Data metadata

This section describes how to set up the data model attributes based on pyspark.sql.StructField.

spss.datamodel.Role Objects

This class enumerates valid roles for each field in a data model.

BOTH: Indicates that this field can be either an antecedent or a consequent.

FREQWEIGHT: Indicates that this field is to be used as a frequency weight; this isn't displayed to the user.

INPUT: Indicates that this field is a predictor or an antecedent.

NONE: Indicates that this field is not used directly during modeling.

TARGET: Indicates that this field is predicted or a consequent.

PARTITION: Indicates that this field identifies the data partition.

RECORDID: Indicates that this field identifie the record id.

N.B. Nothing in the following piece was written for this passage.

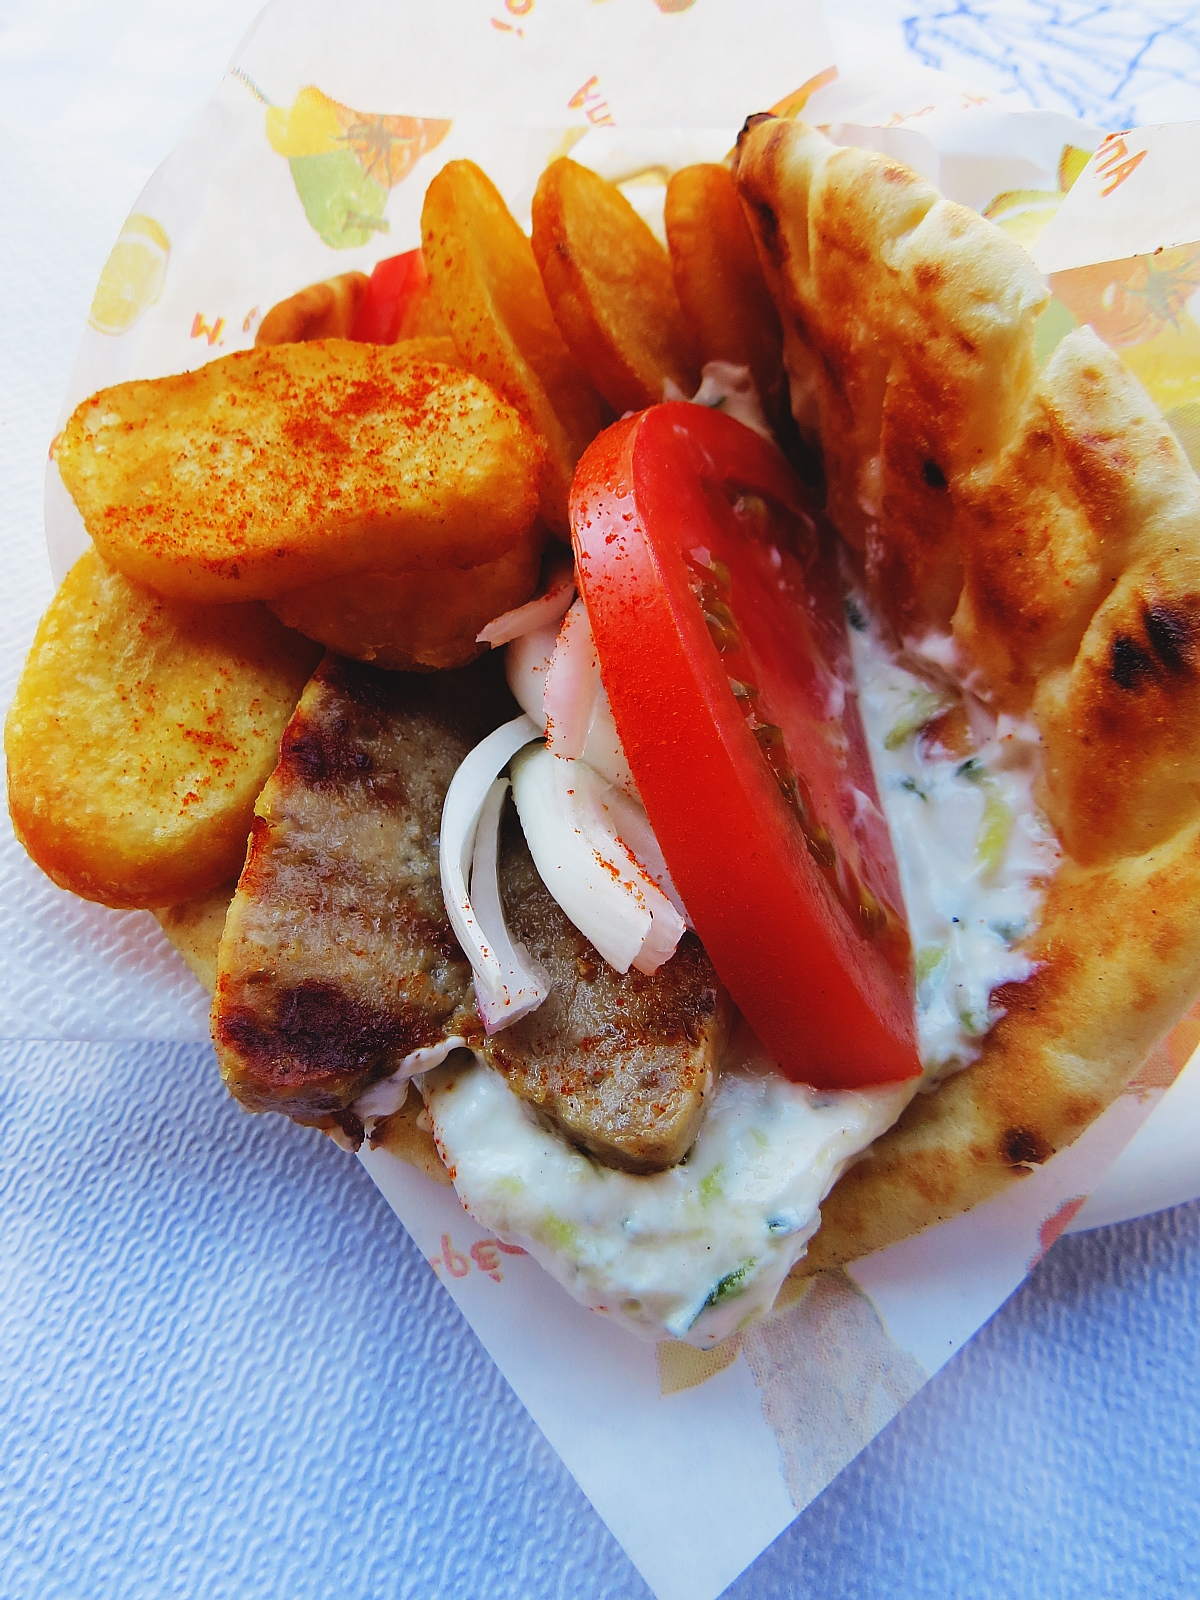 More Greek Food Dishes You Won't Want To Miss

SPLIT: Indicates that this field splits the data.

spss.datamodel.Measure Objects

This class enumerates measurement levels for fields in a data model.

UNKNOWN: Indicates that the measure type is unknown.

CONTINUOUS: Indicates that the measure type is continuous.

NOMINAL: Indicates that the measure type is nominal.

FLAG: Indicates that the field value is one of two values.

DISCRETE: Indicates that the field value should be interpreted as a collection of values.

ORDINAL: Indicates that the measure type is ordinal.

TYPELESS: Indicates that the field can have any value compatible with its storage.

pyspark.sql.StructField Objects

Represents a field in a StructType. A StructField object comprises four fields:
  • name (string): name of a StructField
  • dataType (pyspark.sql.DataType): specific data type
  • nullable (bool): if the values of a StructField can contain None values
  • metadata (dictionary): a python dictionary that stores the option attributes
You can use the metadata dictionary instance to store the measure, role, or label attribute for the specific field. The key words for these attributes are:
  • measure: the key word for measure attribute
  • role: the key word for role attribute
  • displayLabel: the key word for label attribute
from spss.datamodel.Role import Role
from spss.datamodel.Measure import Measure
_metadata = {}
_metadata['measure'] = Measure.TYPELESS
_metadata['role'] = Role.NONE
_metadata['displayLabel'] = "field label description"
StructField("userName", StringType(), nullable=False,